Ci mette la faccia l’assessore alla polizia locale Alessandra Clemente. In una nota stampa fa sapere che  “non consentiremo (loro, gli amministratori, ndr) che Napoli si trasformi in un palcoscenico oleografico dove celebrare nozze sfarzose, di dubbio gusto e senza rispettare le regole minime”.

Purtroppo, quand’anche non lo si volesse consentire, una piazza pubblica occupata abusivamente, sporcata con coriandoli e cartacce, con l’organizzazione di un concerto con migliaia di persone senza alcuna autorizzazione è roba già archiviata. Insomma Napoli è stata già scempiata e vilipesa senza che nessuno abbia mosso un dito. Basta andare sul web per rivedere come Piazza del Plebiscito è stata trasformata abusivamente nel set di un addio al celibato con assembramento di migliaia di persone senza che nessuno sapesse alcunché, senza alcuna autorizzazione, esponendo a rischi e pericoli centinaia di persone, in violazione anche delle norme più recenti emanate dal Capo della Polizia in fatto di spettacoli pubblici. Non può succedere tutto quello che è accaduto nel bel mezzo di piazza Plebiscito, davanti all’ingresso principale della Prefettura di Napoli, sotto le finestre dell’abitazione del prefetto, senza che nessuno (polizia del corpo di guardia del palazzo di Governo, vigili urbani) si premuri di capire che cos’è quella manifestazione.

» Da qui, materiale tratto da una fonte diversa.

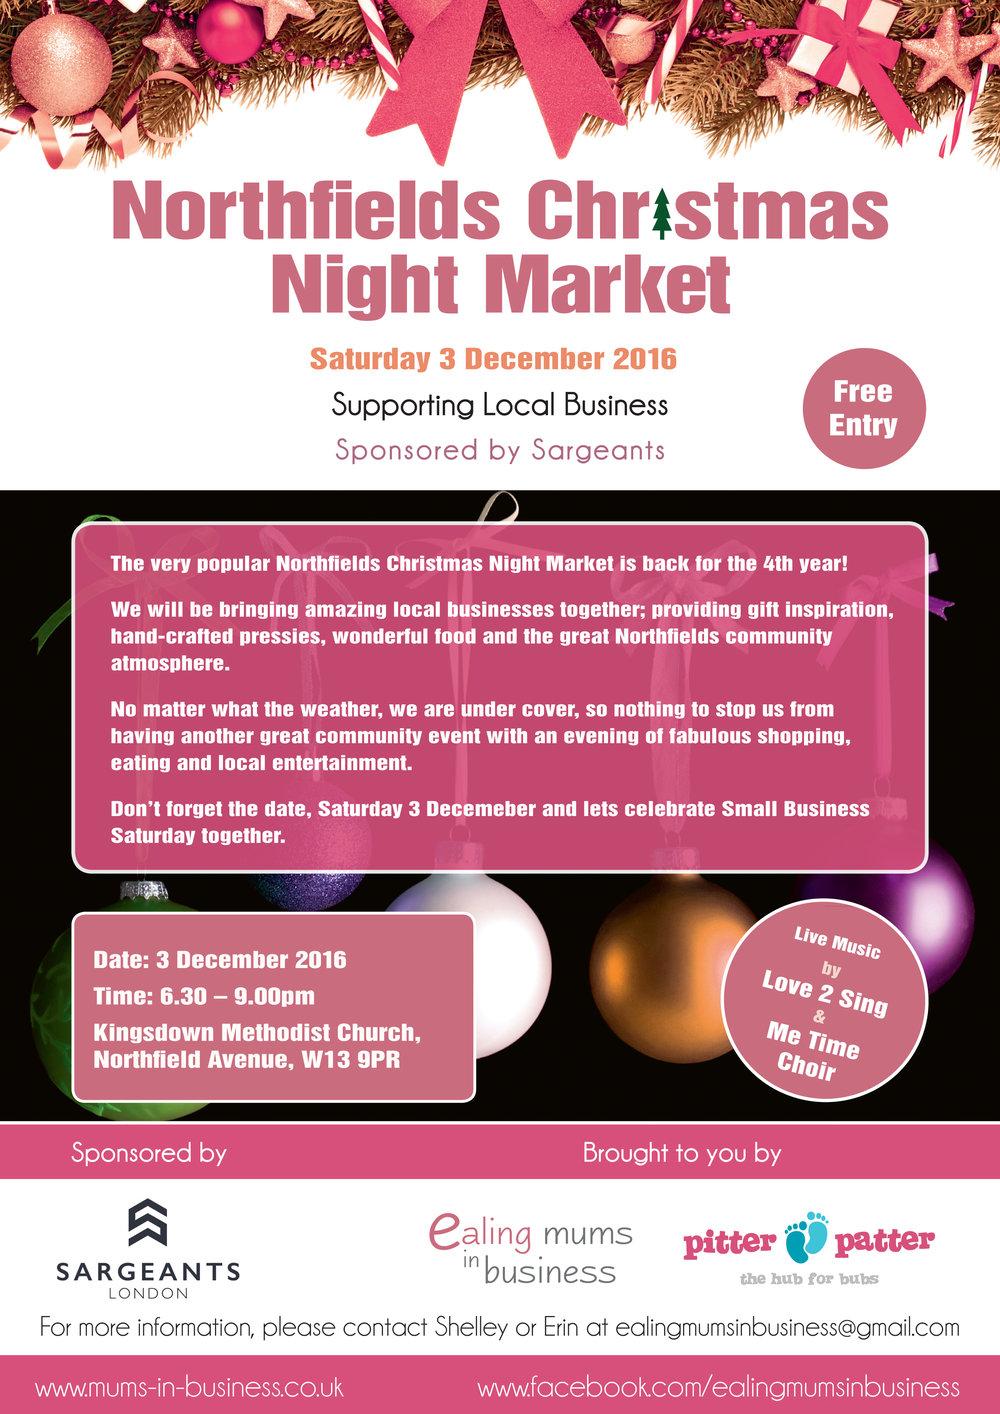 Northfields Christmas Night Market - Saturday 3rd December

Tina Rispoli e Tony Colombo sposi. Quelle che vedete sono immagini prese dal profilo Instagram dello sposo

Ma siccome al peggio non c’è mai limite, a Napoli si fa presto a raschiare il fondo. E così dopo l’occupazione abusiva di piazza Plebiscito, il Charles Aznavour di Secondigliano ovvero Tony Colombo, non pago di aver già sputtanato un’intera città con le immagini della festa abusiva al Plebiscito, quest’oggi ha organizzato nel quartiere della faida di camorra e dove risiede la donna che ha poi sposato (la signora Tina Rispoli, vedova del boss Gaetano Marino detto moncherino, assassinato sul lungomare di Terracina) un corteo nuziale con cavalli, limousine, furgoni, saltimbanchi, orchestrina, codazzo di telecamere e altra gente addobbata per l’occasione per arrivare al Maschio Angioino dove sono state celebrate le nozze. Risultato? Napoli messa in ginocchio. Una vergogna senza scuse che si è conclusa con la celebrazione delle fastose nozze nel tempio della cultura e della storia della Napoli Spagnola, Aragonese, il Maschio Angioino.

 

Alessandra Clemente, l’assessore che ci mette la faccia, è donna mite, tranquilla, una di quelle persone che non alzano mai la voce. La domanda a cui risponde è: come è potuto accadere una cosa simile? “Ci era stato solo comunicato un flash mob in piazza del Plebiscito, tale comunicazione era stata inviata dagli organizzatori anche agli altri uffici preposti –  sottolinea l’assessore – invece dalle immagini che abbiamo acquisito nella piazza si è svolto un mini concerto con installazione di un box, un palco, luci, musica, band”. “È un fatto grave ed ovviamente non autorizzato – le immagini sono eloquenti – addirittura sono affluiti nei pressi di piazza del Plebiscito auto, furgoni e una limousine”. “Ho dato mandato agli uffici della nostra Polizia Locale in tempi solleciti di inviarmi un report completo – aggiunge Alessandra Clemente – ed è già in nostro possesso una prima relazione stilata dalla polizia municipale – che ha già elevato contravvenzioni e contestato le irregolarità – per quanto è avvenuto stamane nelle strade di Secondigliano e presso il Maschio Angioino”. “Contesteremo ai responsabili ed all’organizzazione tutte le violazioni di legge e le sanzioni relative perché non passi il concetto che chiunque può fare il proprio comodo a Napoli infischiandosene delle regole, delle leggi e delle norme”.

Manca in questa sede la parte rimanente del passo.